The simple answer is. You really can't. Id suggest you first start by reading this:
https://www.strongerbyscience.com/metabolic-adaptation/
It is worth noting that even maintenance calories are not a set number and more of range. Lets use an example to explain this. Lets say a persons current maintenance on average is about 2,500 cals per day. Their range actually be between 2,300-2,700. This is because of factors such a NEAT (none exercise thermogenesis), which is the major one at this point. If you eat more or less one day you may spontaneously move or less as a result to maintain a balanced caloric output to intake ratio. This is more genetic then anything so you can't change it really but you can accept it and not get frustrated. Some people have much more adaptive mechanisms such as spontaneous movement to overfeeding and they will have a much wider maintenance range as a result. In some metabolic ward research they have seen some peoples metabolic rate adjust to turn a 1,000 cal overfeeding into maintenance due to things such as increases in NEAT.
Now due to this variance in metabolic response to over and underfeeding we can see that some will need to really drop cals to lose weight and really increase cals to gain weight. If you are one of these people then weight loss can be challenging due to lack of cals but maintaining weight loss is easier and massing can be fun due to the food amounts required. A blessing and a curse.
Lets use our example again, say that person was maintaining their weight on 2,700 cals per day on average (the top end of their range) and they decide to cut 500 cals a day as is typically suggested to lose about 1lbs per week on average. Well their metabolism may adjust over a few weeks and now their maintenance is only 2,300 and they are only in a 100 cals per day deficit. Now weight loss is stalled, these people should not get frustrated, they just need to monitor their response to caloric intakes and accept what changes need to be made to achieve their goals.
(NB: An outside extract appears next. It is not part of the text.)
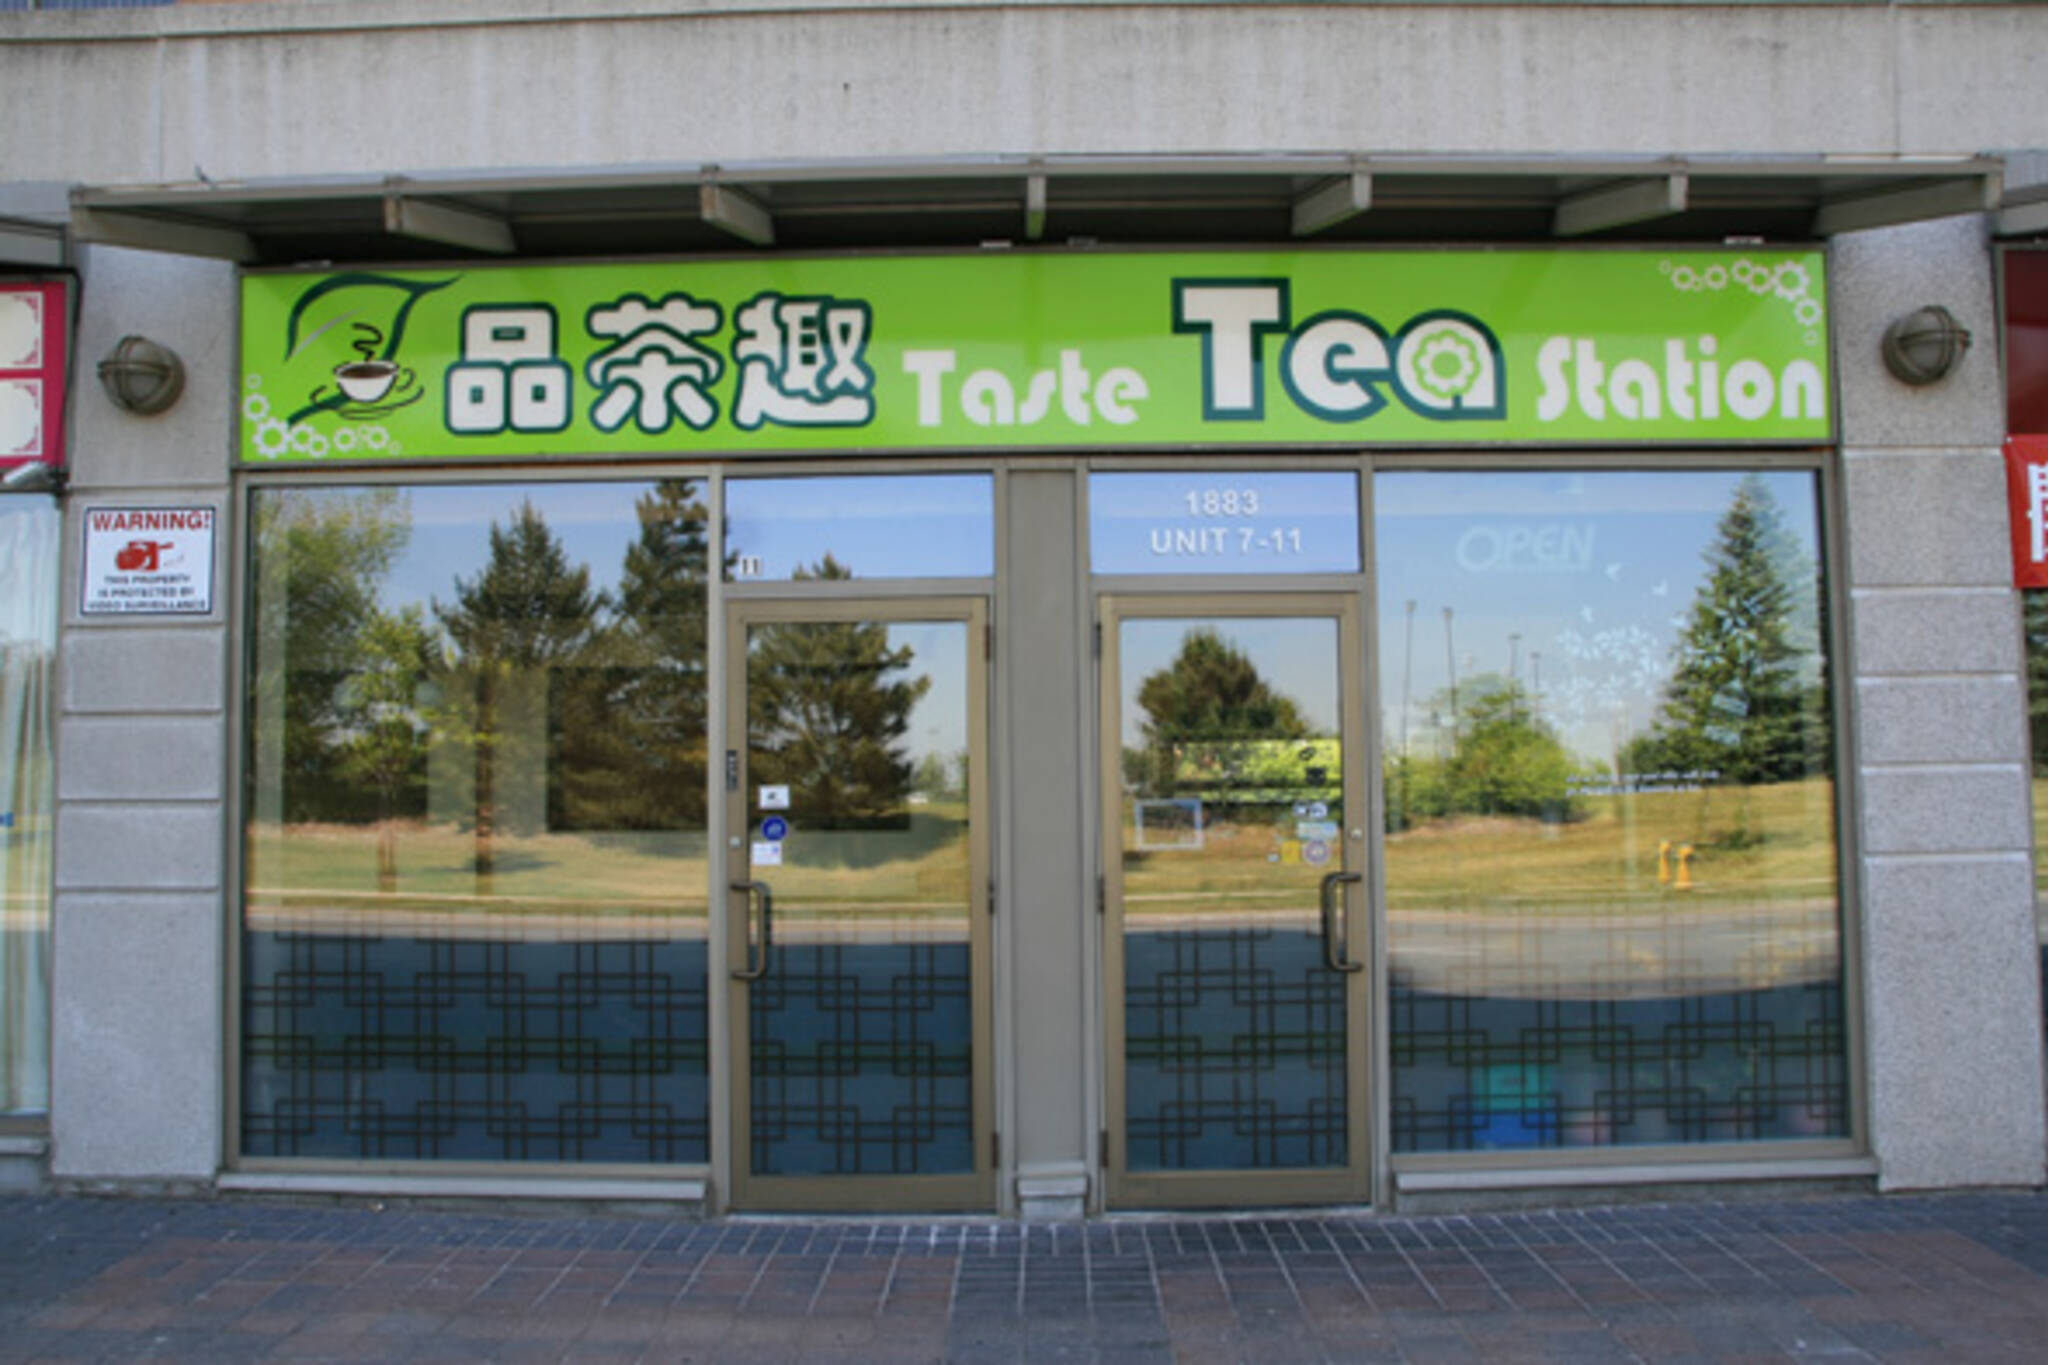 Taste Tea Station

Now that we understand the concept of the variability of one's metabolic rate, lets discuss another big factor of metabolic adaptation, that is how efficiently our mitochondria will derive ATP from food. As we diet, our body will become more efficient of generating ATP from food and less calories will be loosely generated into heat (thermogenesis). This is the way for the body to resist weight loss, evolutionarily this is advantageous but not for us in our first worlds. Many report feeling colder as they diet and hotter as they mass, this is why. So as we diet, our body will get better at converting cals into ATP and not heat, this also happens to how many cals we burn from exercise. A session that burns 500 cals at the beginning of a diet may only burn 300 cals at the end due to this adaptation (these numbers are examples). This is also thought to be the reason we seem to have a slower metabolism as we age. Our body tries to become more efficient to reduce oxidative stress thus less spontaneous movement and less cals burned through movement.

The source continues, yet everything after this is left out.